▶ TASK DESCRIPTION:
Everything in the records below from the line containing "ECCO Schuhe Mod." through the line containing "Купить книгу Почему" is to be reproduced exactly, those two lines included; no picture is to be copied.

▶ INFORMATION SHOWN:
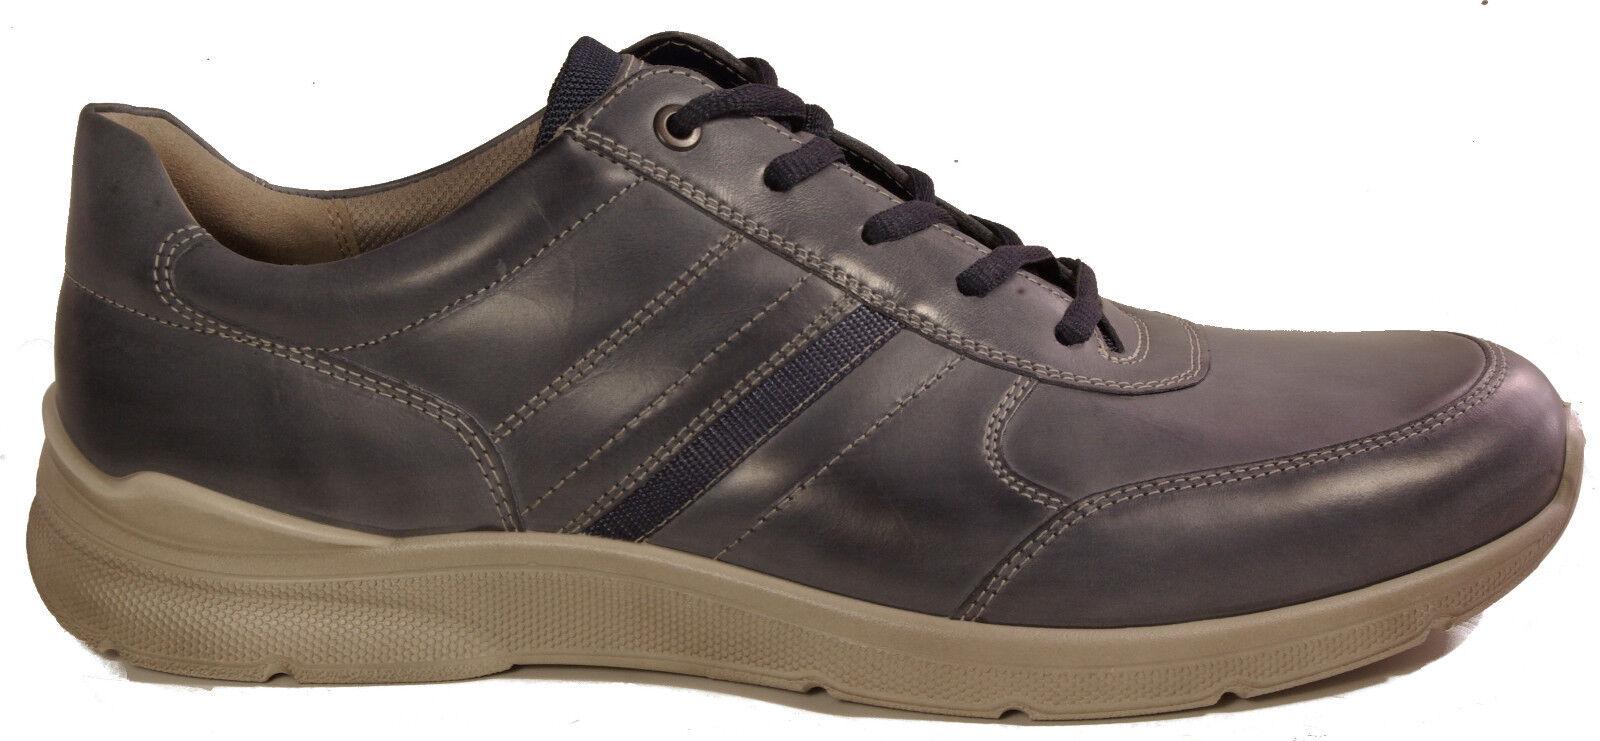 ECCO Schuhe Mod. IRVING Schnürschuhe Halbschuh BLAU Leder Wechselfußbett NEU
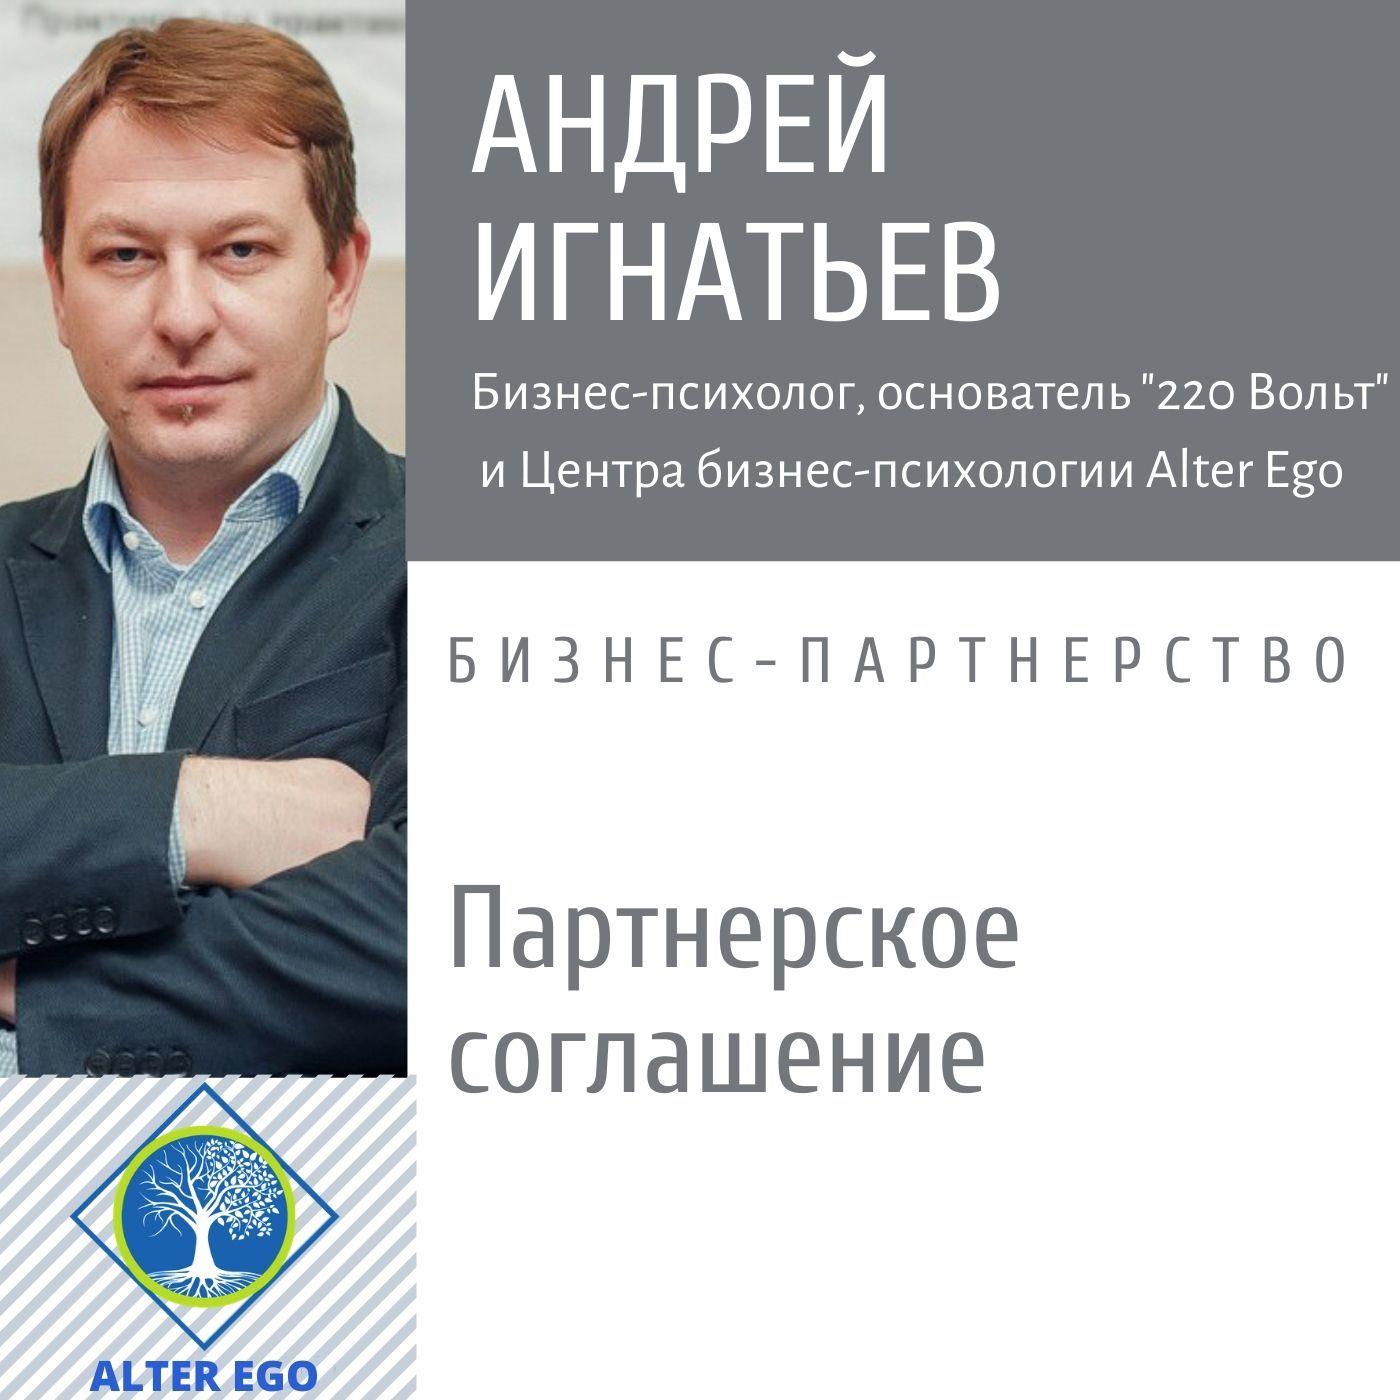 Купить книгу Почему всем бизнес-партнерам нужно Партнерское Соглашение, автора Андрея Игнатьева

--

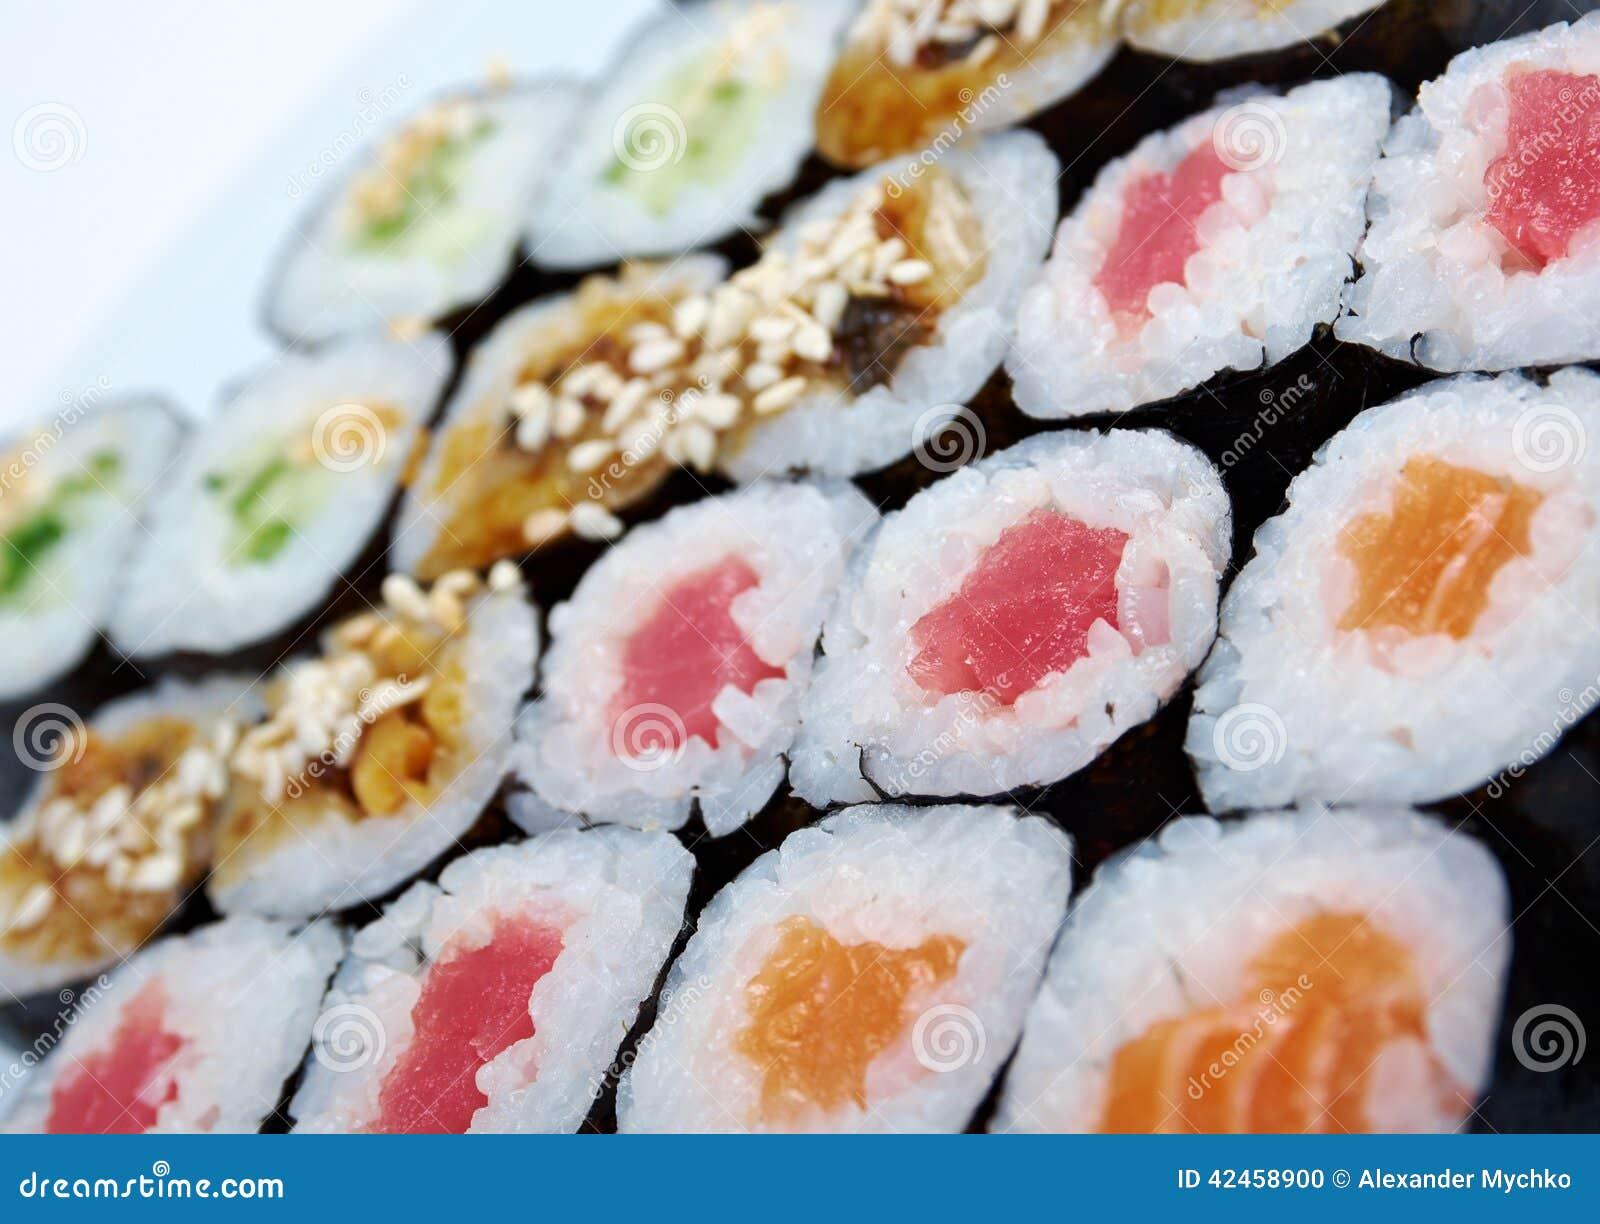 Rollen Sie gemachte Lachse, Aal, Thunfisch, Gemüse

* * *

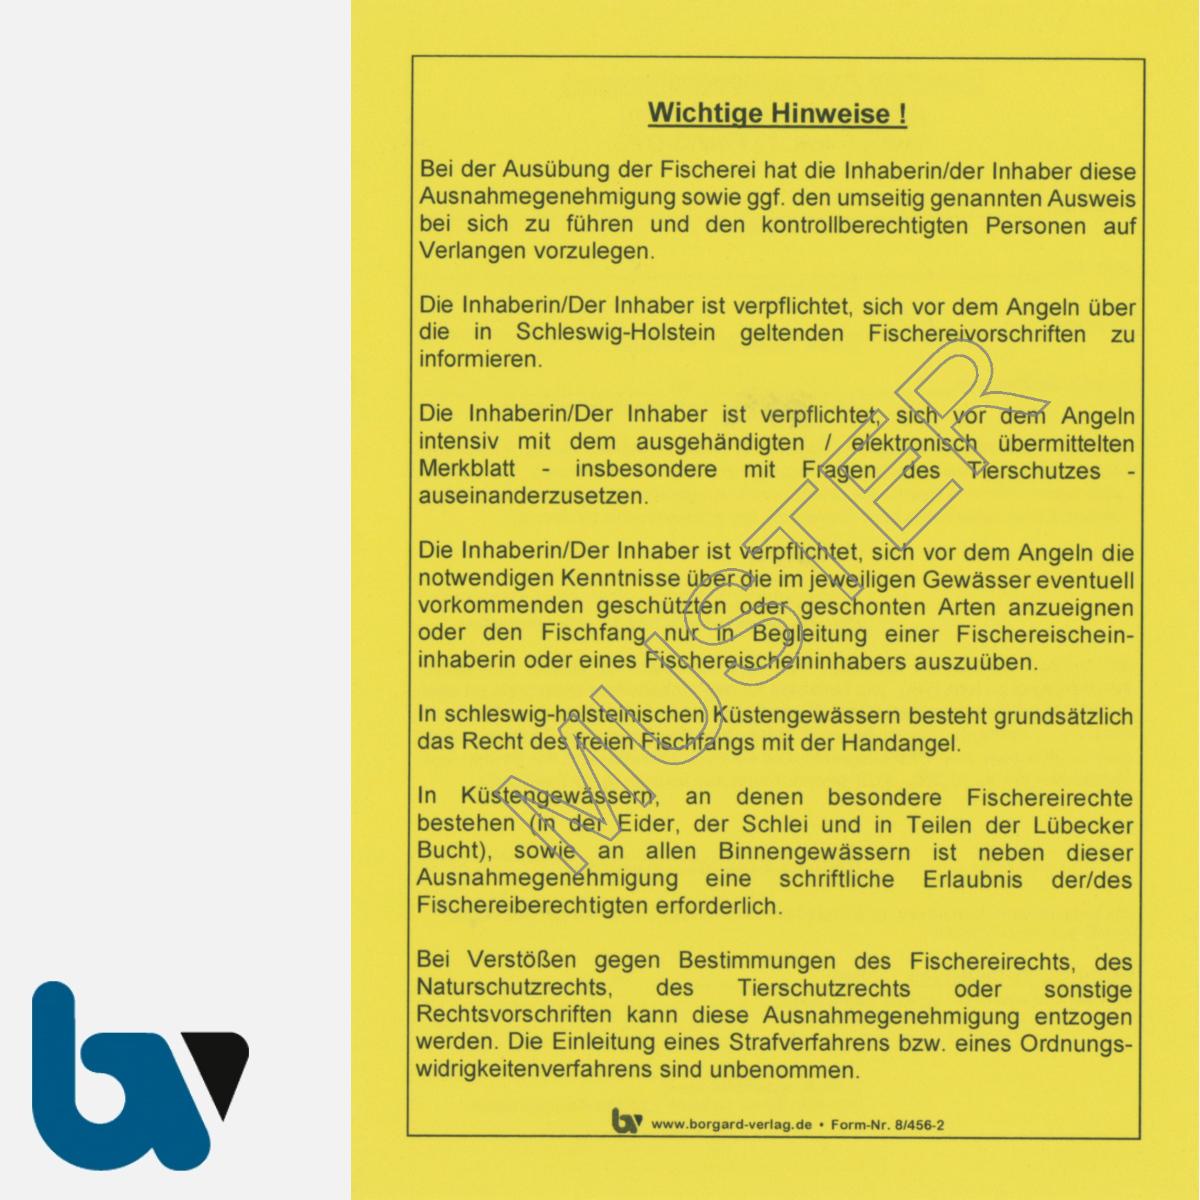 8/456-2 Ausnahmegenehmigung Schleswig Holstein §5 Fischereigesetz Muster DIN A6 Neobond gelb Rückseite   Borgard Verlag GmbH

▶ REPLY TO THE EXERCISE:
 ECCO Schuhe Mod. IRVING Schnürschuhe Halbschuh BLAU Leder Wechselfußbett NEU
 Купить книгу Почему всем бизнес-партнерам нужно Партнерское Соглашение, автора Андрея Игнатьева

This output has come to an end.